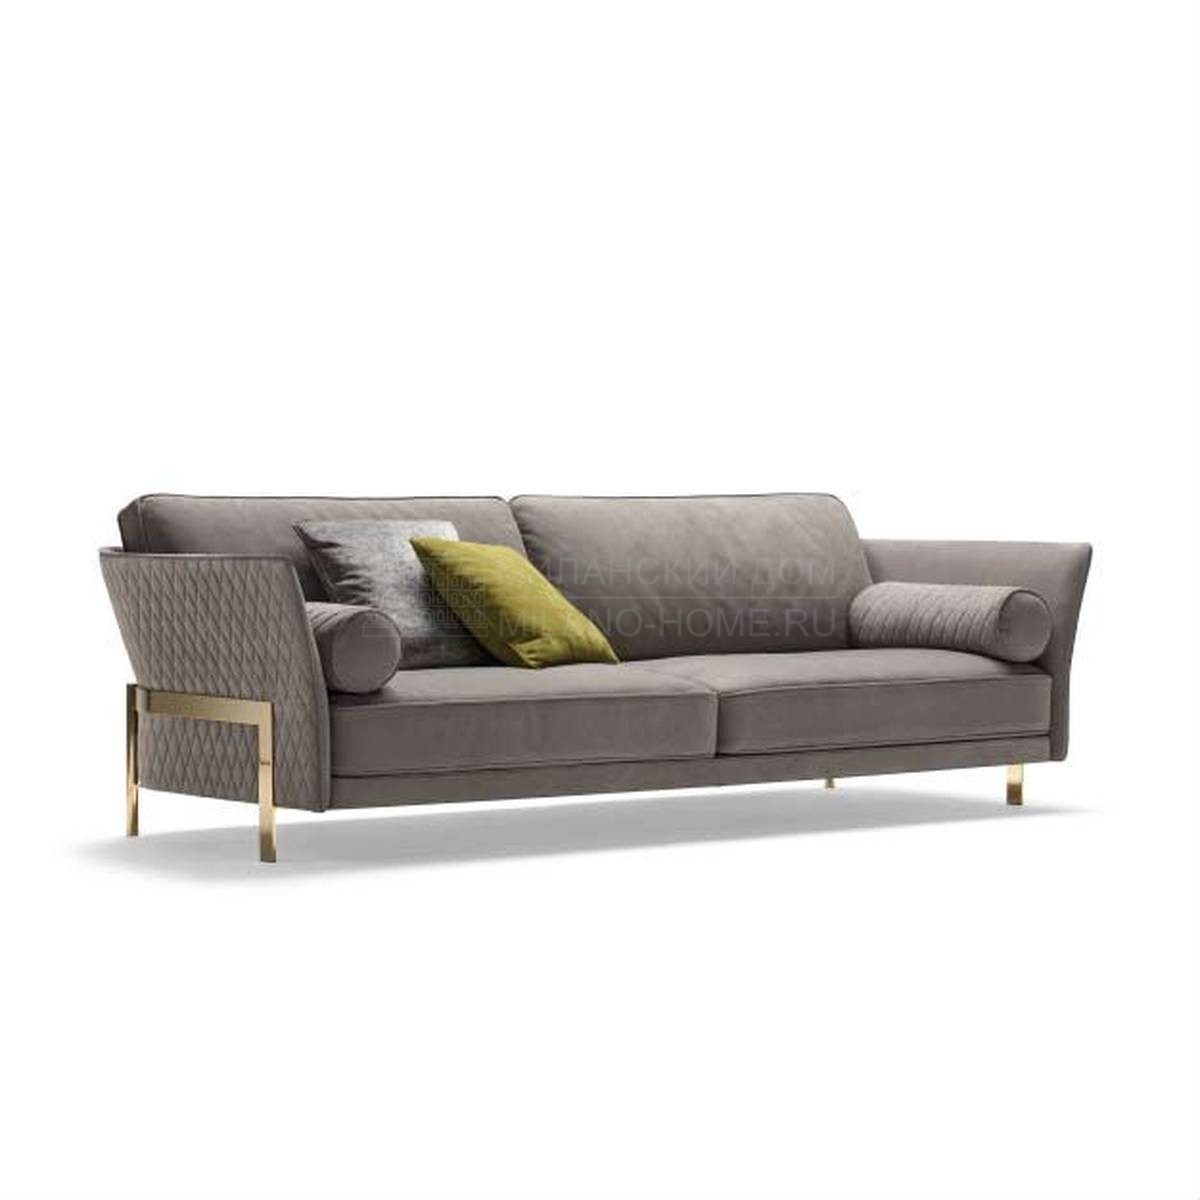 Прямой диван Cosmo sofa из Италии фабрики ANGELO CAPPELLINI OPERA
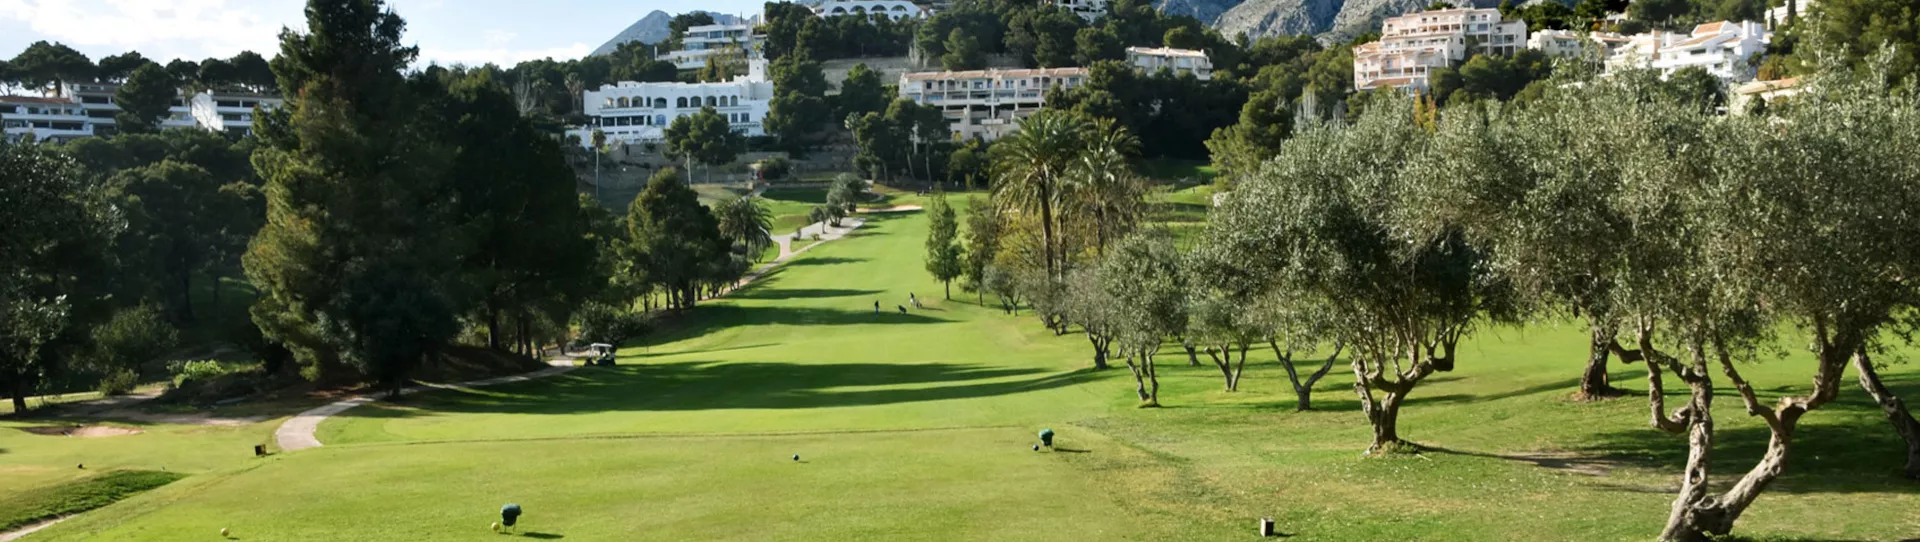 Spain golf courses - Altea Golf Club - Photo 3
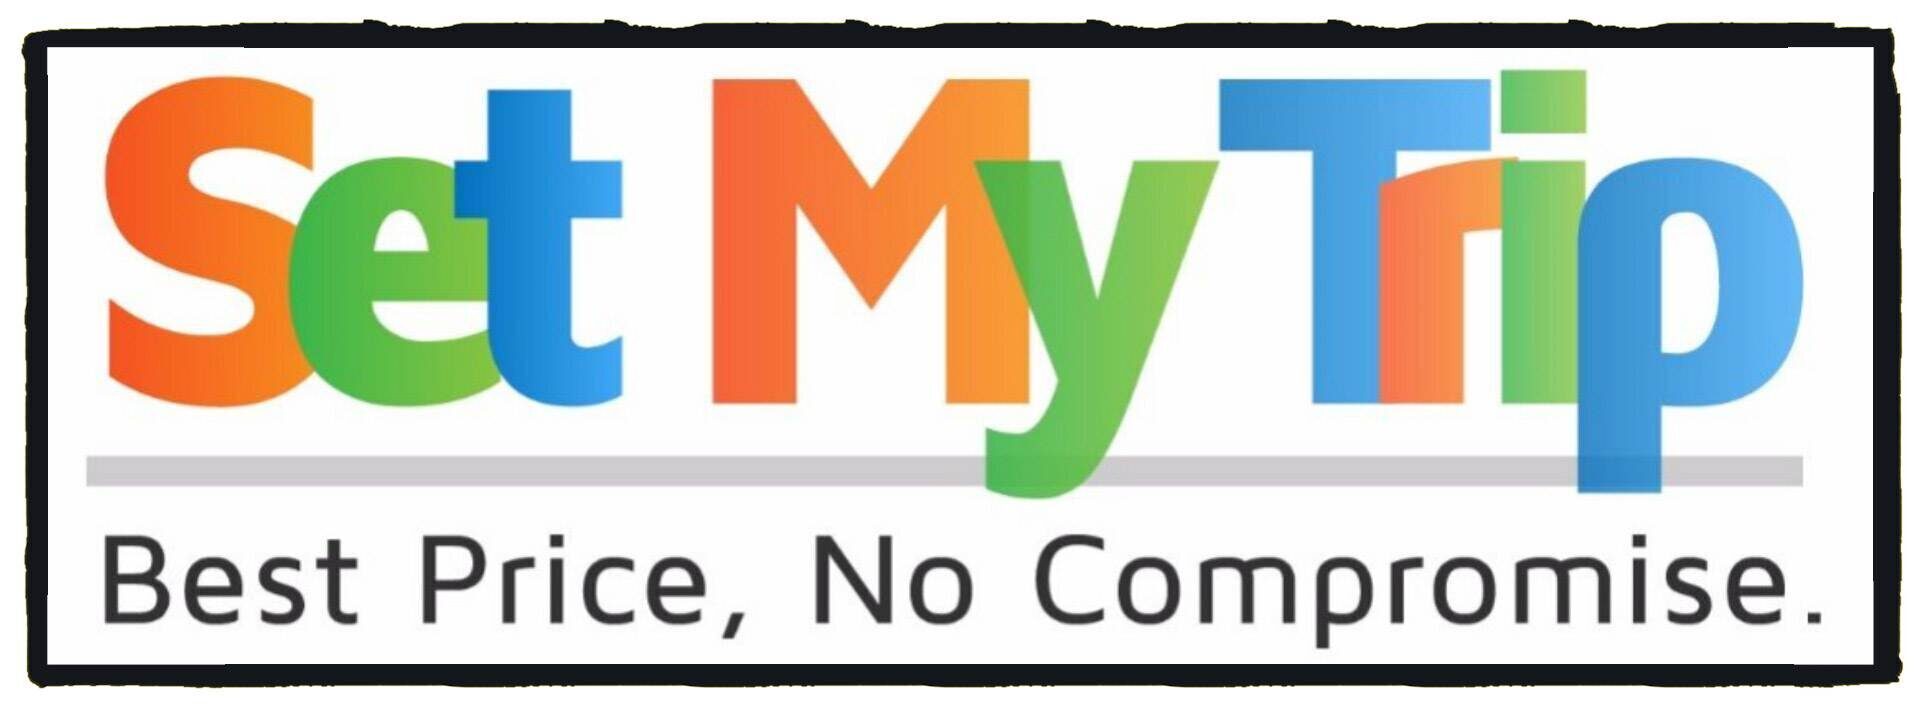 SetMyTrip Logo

┄┄┄┄┄┄┄┄┄┄┄┄┄┄┄┄┄┄┄┄

● **Task statement**:
From the first line to the last, transcribe the listing exactly; skip the pictures.

● **Problem solution**:
 Прямой диван Cosmo sofa из Италии фабрики ANGELO CAPPELLINI OPERA
 Spain golf courses - Altea Golf Club - Photo 3
 SetMyTrip Logo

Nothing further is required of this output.